The problem that exists in cases of drug-facilitated sexual assault or where the victim is incapacitated is many victims may not recognize that they have been raped. Even if they know they were forced, the fact that either they were under the influence of drugs or their assailant was means for them the lines of accountability may get blurry. For example recently there was a case where a young-college aged woman stated she had went to a party and a guy asked to hook up with her. She said no to him, and then he lured her into a room by begging her to help him with an emergency. She did so and he raped her. She wasn't really clear whether it was rape or not because the assailant had been drunk. In this case the victim was not incapacitated or under the influence of drugs but the assailant was and he used that to his advantage telling her that at parties it is normal for people to have sex. While she knew that something was wrong, it was difficult for her to label it rape.

Such hesitancy to frame it as rape as well as to blame one-self for what happened has translated into low rates of reporting. For example for sexual assault cases for women in colleges, the reporting rate is 12%. The number is ever smaller for victims of drug-facilitated sexual assault who report. Some of the reasons why college-aged women do not take action against the perpetrator include not wanting their peers and social-support systems to know about the rape, the fear of retaliation, the uncertainty about whether a crime actually occurred, and the victim may not be sure whether the crime was serious enough to report. Again within drug-facilitated sexual assault cases, most victims know their perpetrators.
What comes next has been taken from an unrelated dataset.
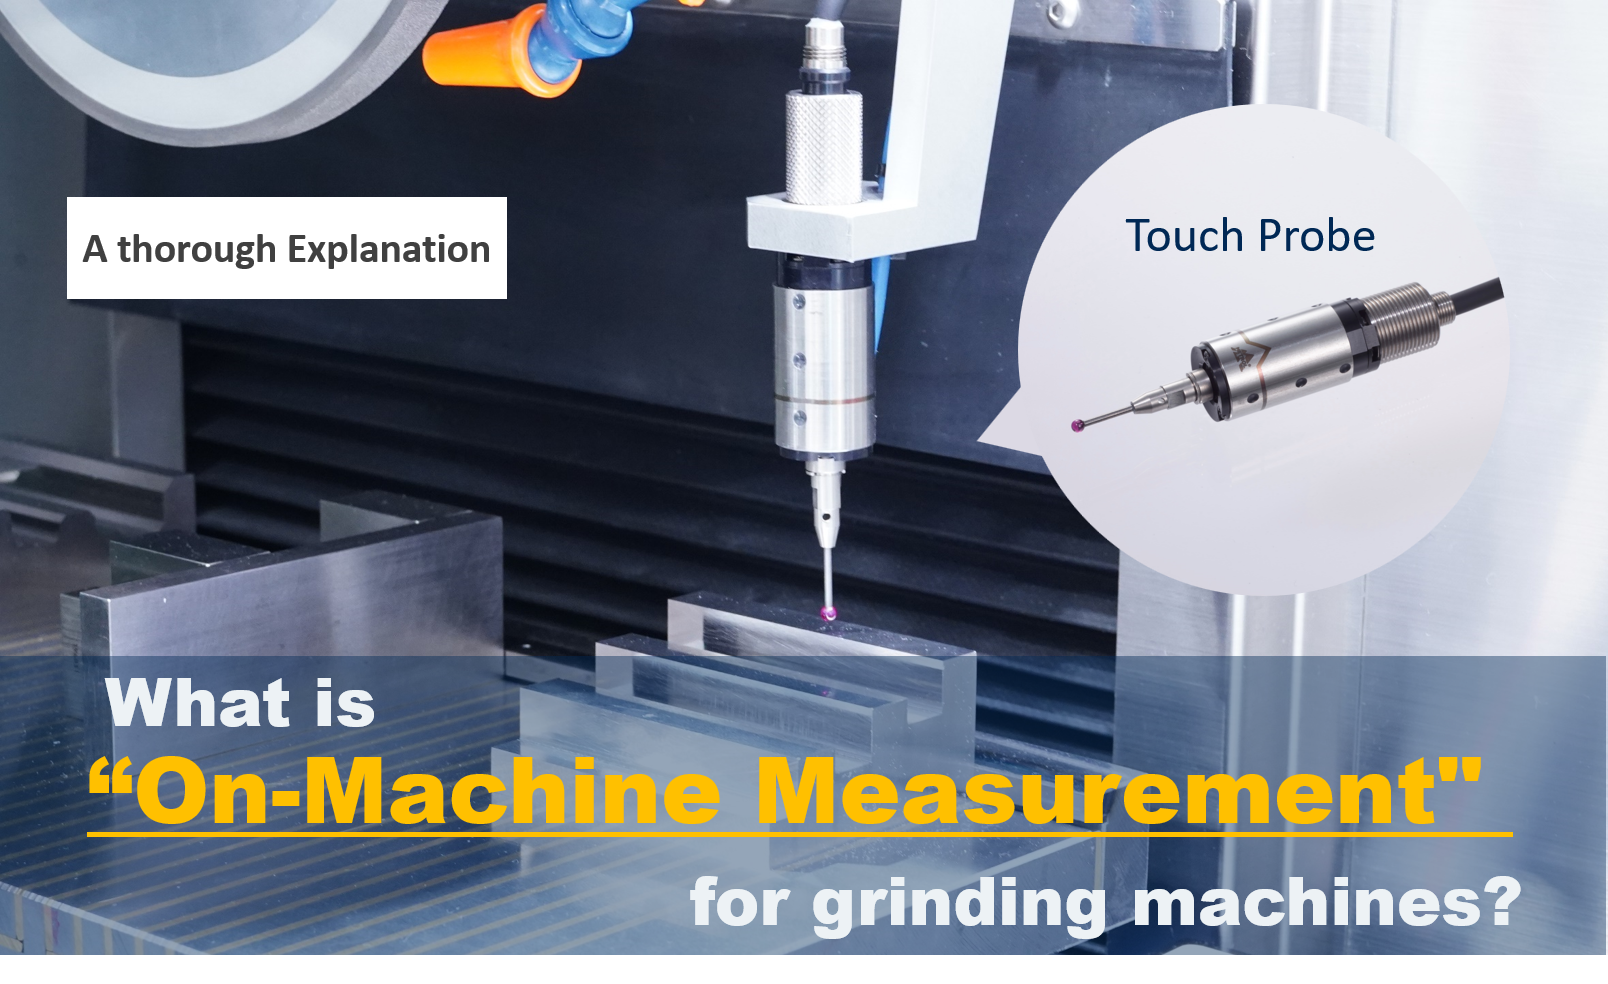 What is "On-machine measurement" for grinding machines using touch probes?

From the perspective of perpetrators, Abbey, Parkhhill, Clinton-Sherrod, Zawacki (2007), in their study compared men who committed sexual assaults found that on the contrary to what social views may think, perpetrators usually pick the victims and then isolate them from their friends or social circle. The perpetrators will often come off as if they are rescuing the victim by offering an incapacitated individual(drunk, high, or passed out) to what they will convey to the victim as a safe place. Perpetrators will use the fact that the victim was intoxicated to convince them their assault was consensual or normal, and that is how things are. This is even if the victim remembers. An overwhelming majority of these perpetrators are repeat offenders who have targeted multiple victims. Therefore contrary to what society may think when perpetrators who commit such assaults do it because they are incapacitated is misleading and is another place for perpetrators to have the space to commit rapes and violate others without having to worry about the consequences. It is important to mention that while the statistics in the national study focused on college-aged women, men are also victims of drug facilitated sexual assaulted.
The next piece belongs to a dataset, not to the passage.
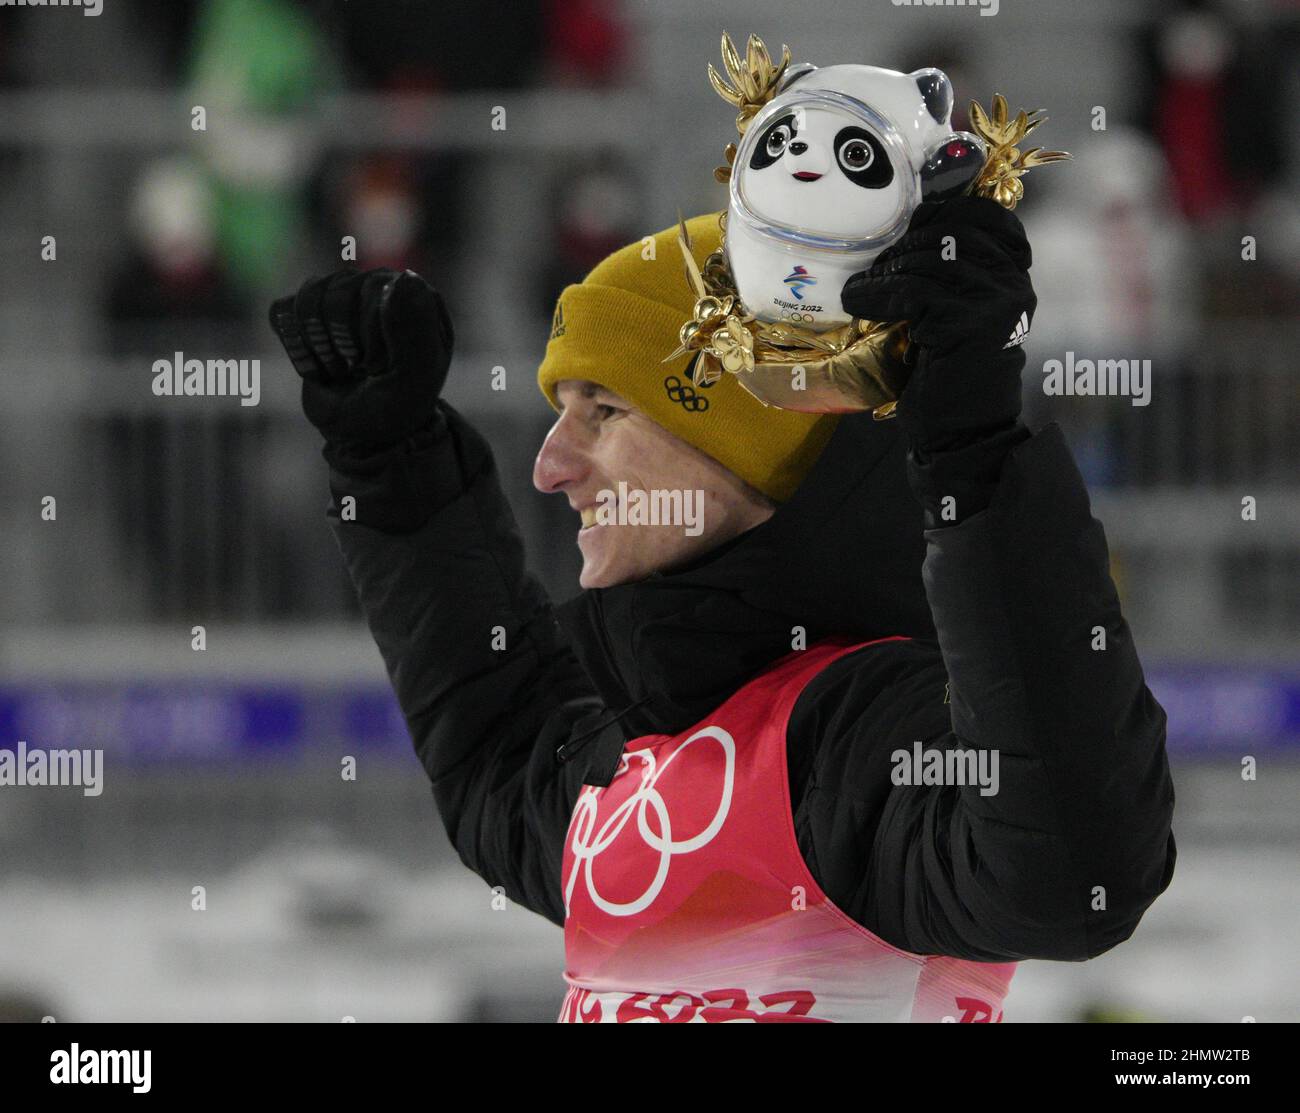 Zhangjiakou, China. 12th Feb, 2022. Bronze medalist Karl Geiger of Germany waves after the Men's Ski Jumping Individual Large Hill finals at the 2022 Winter Olympics in Zhangjiakou, China on Saturday, February 12, 2022. Norway's Marius Lindvik won the gold medal and Japan's Ryoyu Kobayashi won the silver medal. Photo by Bob Strong/UPI Credit: UPI/Alamy Live News Stock Photo

However we can stand firm and work to prevent such incidents from occurring. We can be more attentive when we are out in social gatherings, at parties, in clubs, and bars. We can educate men and women about the devestating crime the drug facilitated sexual assault is and the physical as well as psychological scars that victims will suffer from. On the most basic level we can start by changing our own attitudes towards drug-facilitated-sexual assault where we usually place the blame on the victim rather than giving them the social support, which can be instrumental in the recovery process.